Auch Entzugssymptome wie Unruhe oder Schlaflosigkeit scheinen bei stoffungebundener Sucht vorzukommen. Ob die Symptome wirklich klassische Entzugserscheinungen sind, ist aber wissenschaftlich umstritten: Es könnten auch Anzeichen einer Angststörung oder Depression sein, die durch den Verzicht auf das Suchtverhalten – und damit durch die fehlende Ablenkung – deutlicher zutage treten.
Häufig bleibt eine Sucht lange unentdeckt – etwa weil die Symptome sich schleichend entwickeln. Oder weil die Betroffenen sie aus Scham geheim halten: Manche führen über lange Zeit ein regelrechtes Doppelleben.
In welchem Ausmaß die Sucht dabei das soziale Leben der Betroffenen beeinträchtigt, ist je nach Art der Suchterkrankung unterschiedlich. Meist wirkt sich eine Abhängigkeit auf alle Lebensbereiche aus: Sie kann den gesellschaftlichen und schulischen oder beruflichen Abstieg bedeuten und vor allem auch im privaten Umfeld zu massiven Problemen führen.
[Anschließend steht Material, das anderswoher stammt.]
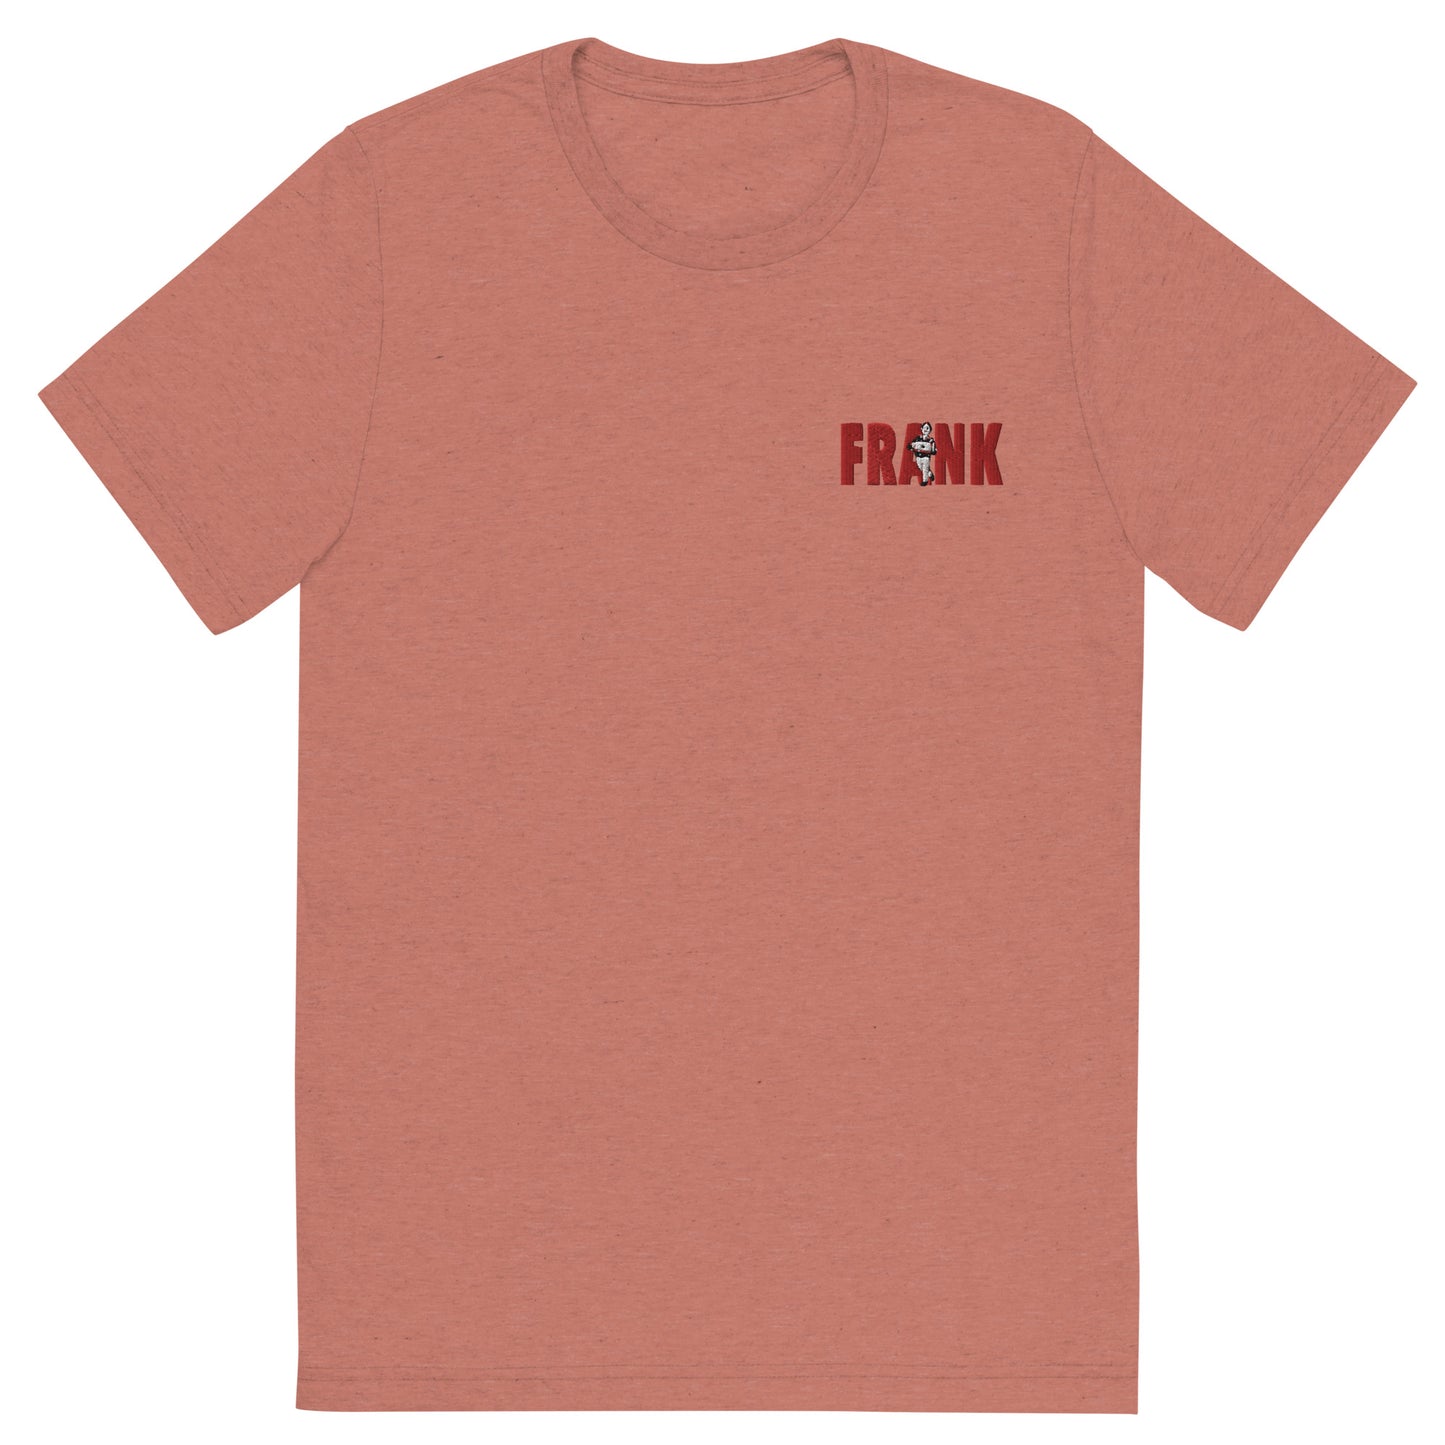 Frank's short sleeve t-shirt
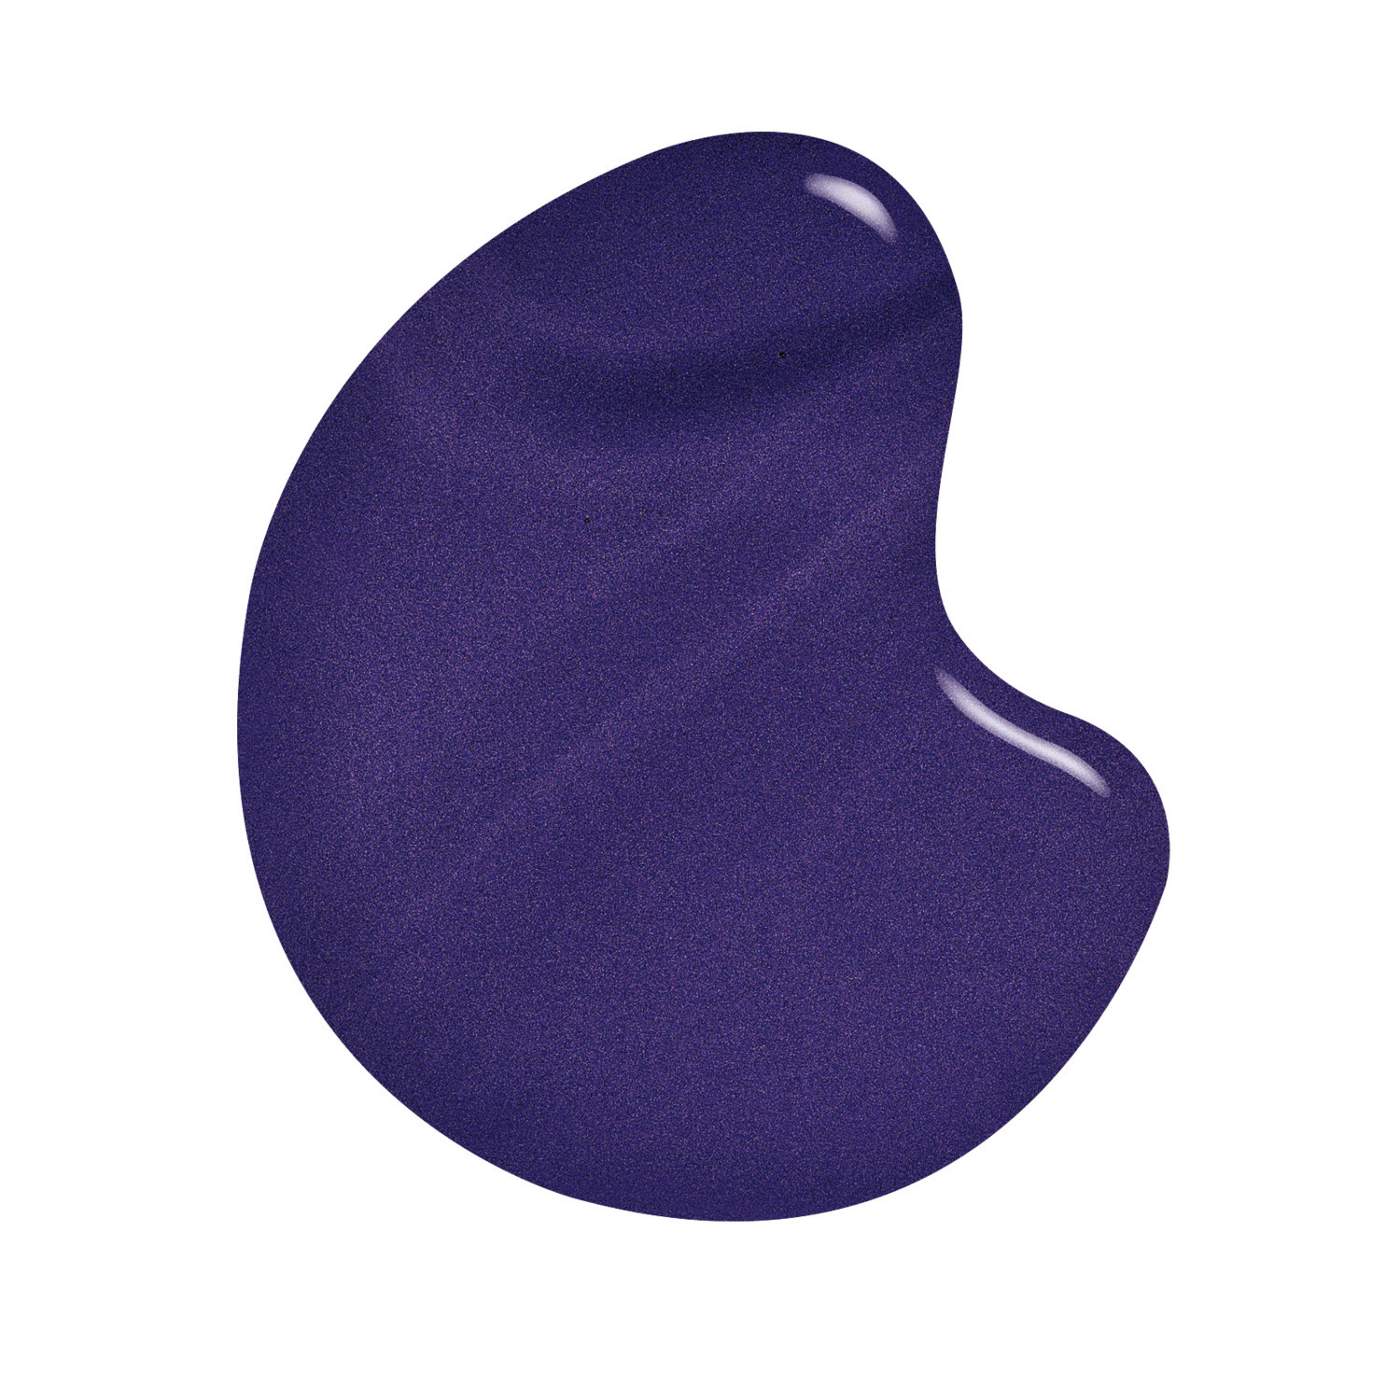 Sally Hansen Miracle Gel Nail Polish - Purplexed; image 3 of 6

Die Folgen für die Gesundheit unterscheiden sich bei den verschiedenen Suchtkrankheiten ebenfalls. Teils entwickeln sich als Spätfolgen einer Sucht schwere psychische Symptome (etwa im Rahmen von Depressionen oder Psychosen) und körperliche Schädigungen (wie Gewichtsverlust, Schwächung des Immunsystems oder Organschäden). Hinzu kommen ein erhöhtes Suizidrisiko und – bei Substanzabhängigkeit – das Risiko einer Überdosierung, die zu Herz-Kreislauf-Versagen und Atemstillstand führen kann.